Source material:
******

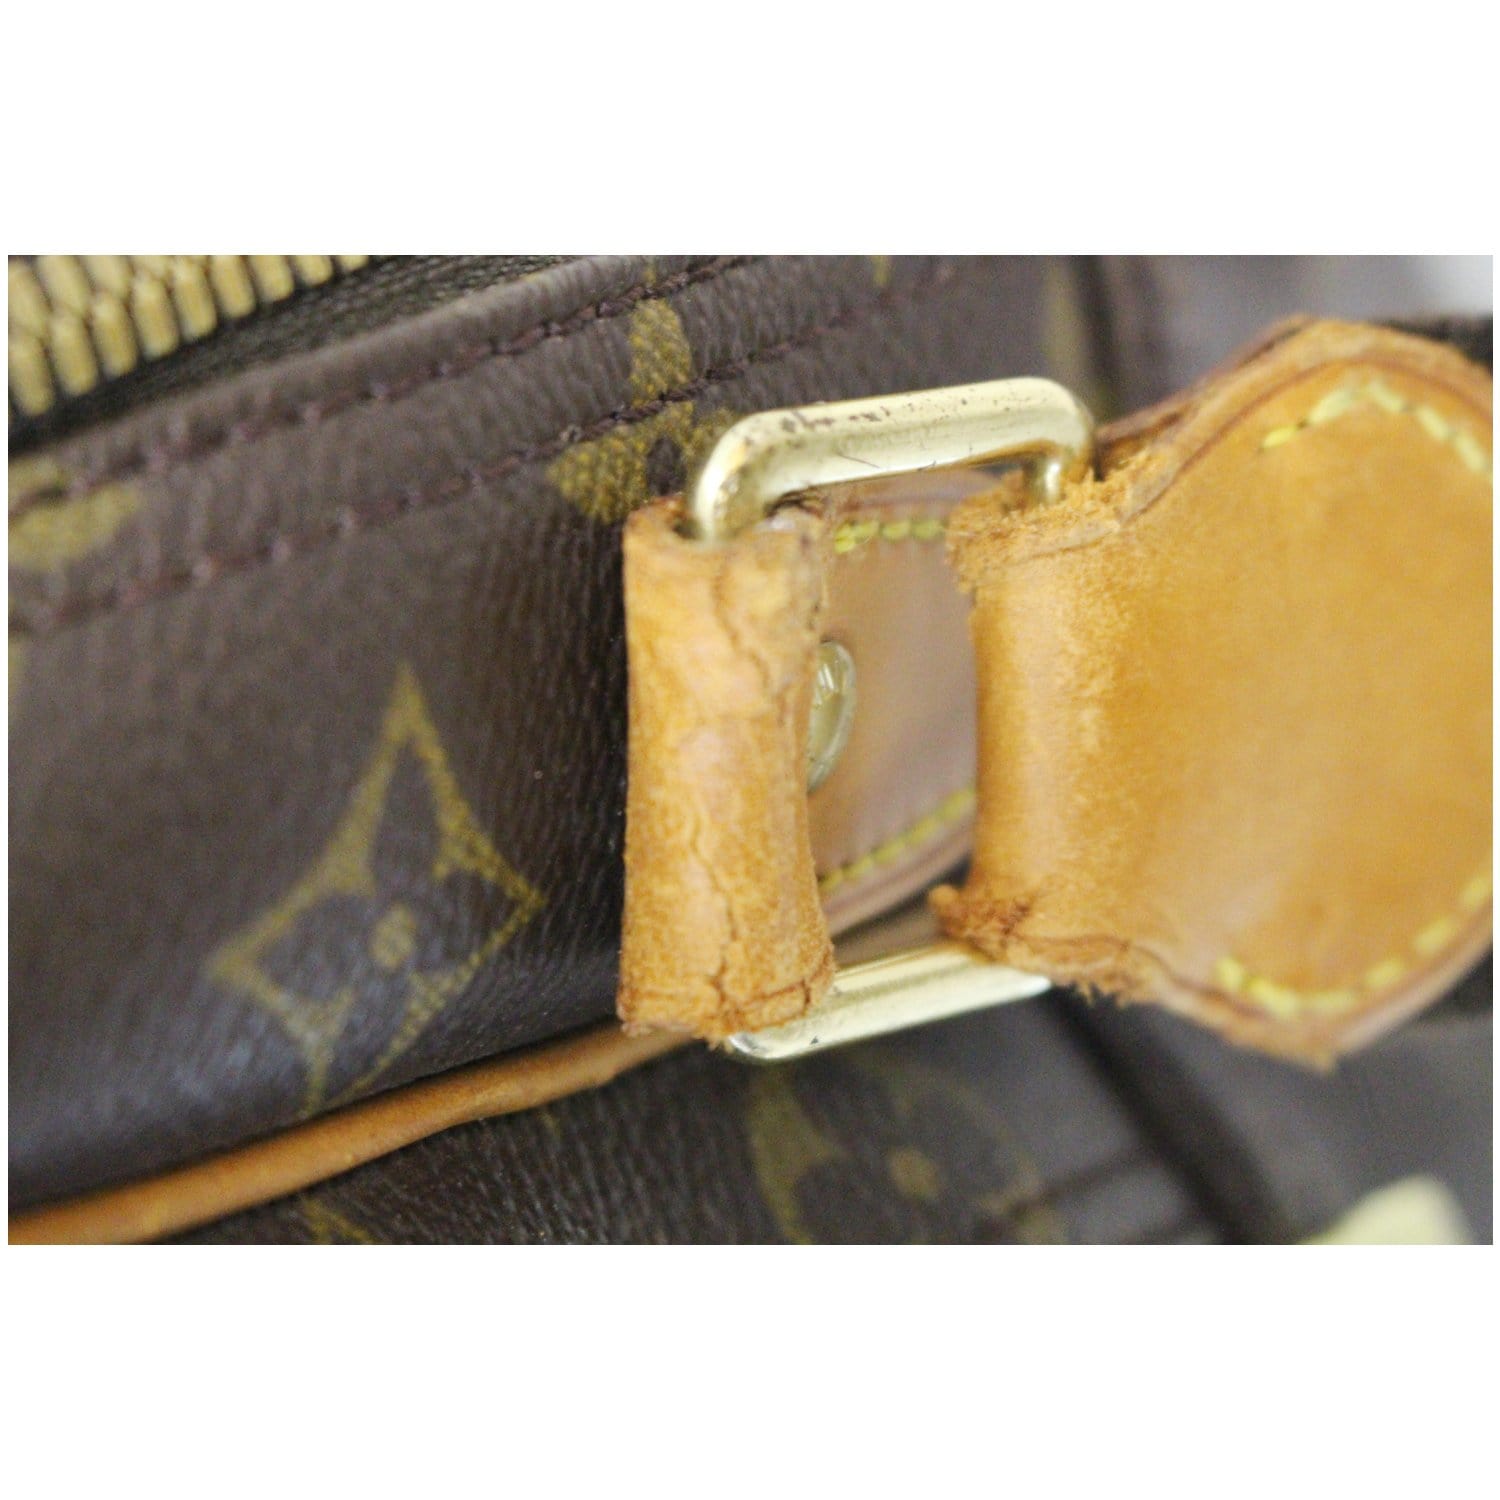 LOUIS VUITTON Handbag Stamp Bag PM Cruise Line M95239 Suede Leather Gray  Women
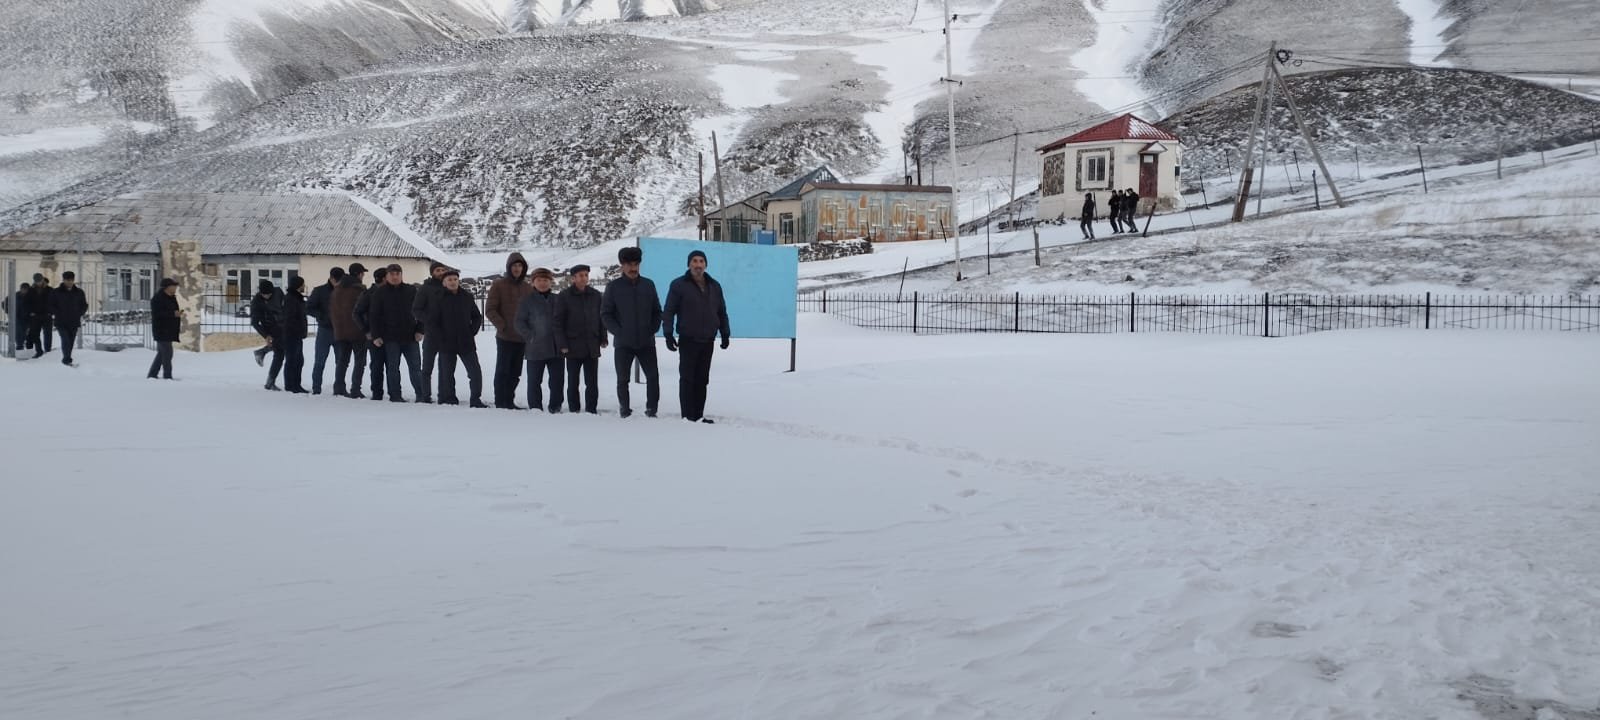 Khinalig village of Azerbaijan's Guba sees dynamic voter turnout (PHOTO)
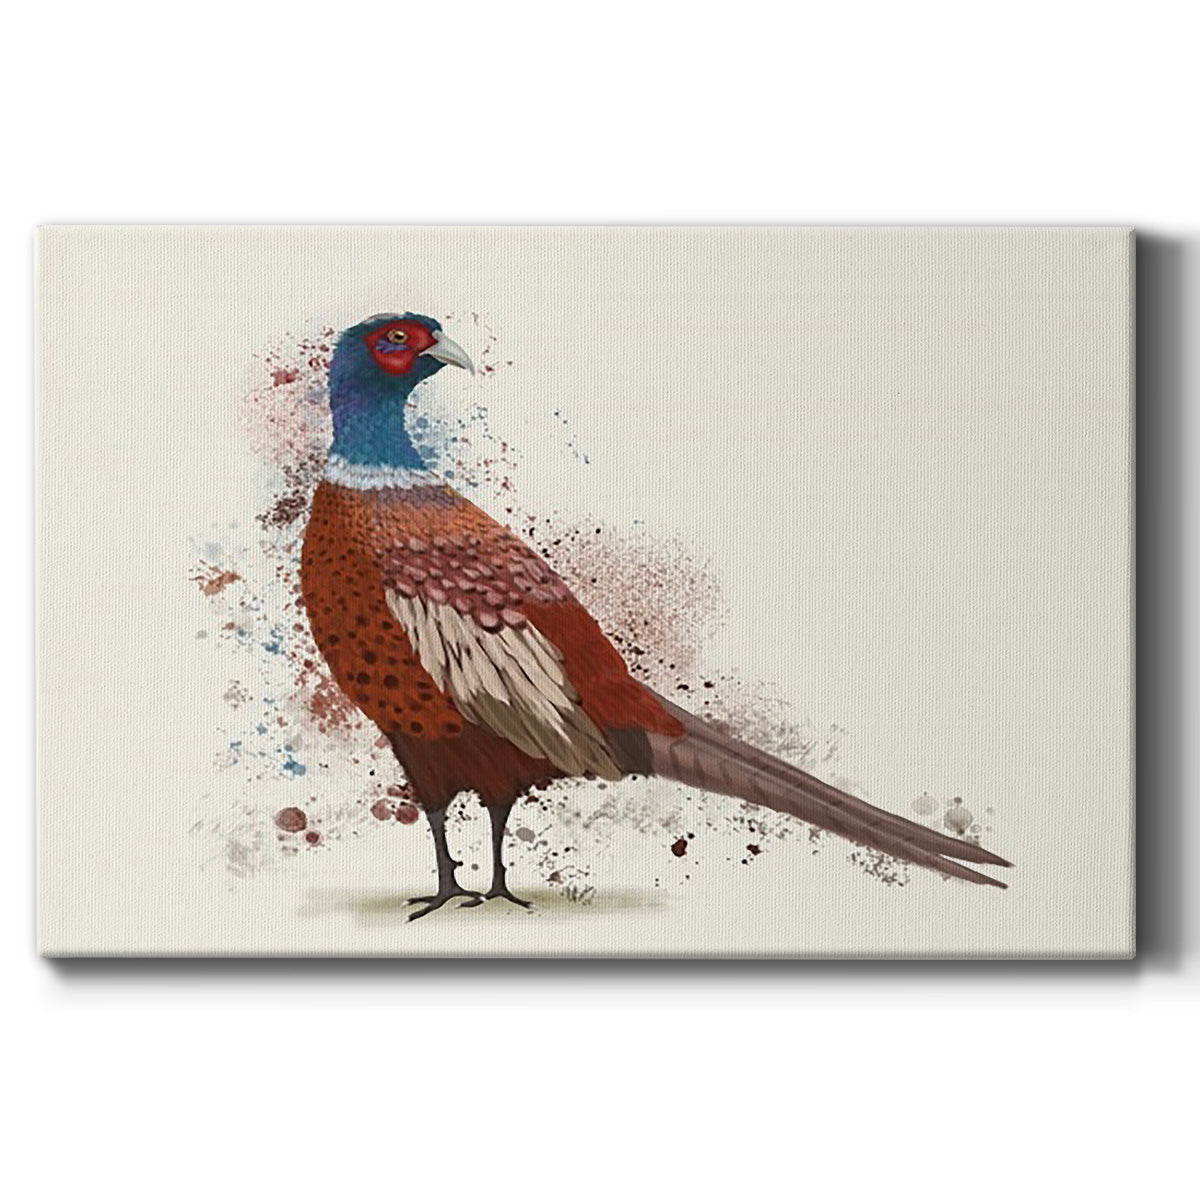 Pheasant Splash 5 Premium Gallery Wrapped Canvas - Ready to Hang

******

Task brief:
A faithful, picture-free copy of the material is what this task asks for.

Solution for this exercise:
 LOUIS VUITTON Handbag Stamp Bag PM Cruise Line M95239 Suede Leather Gray  Women
 Khinalig village of Azerbaijan's Guba sees dynamic voter turnout (PHOTO)
 Pheasant Splash 5 Premium Gallery Wrapped Canvas - Ready to Hang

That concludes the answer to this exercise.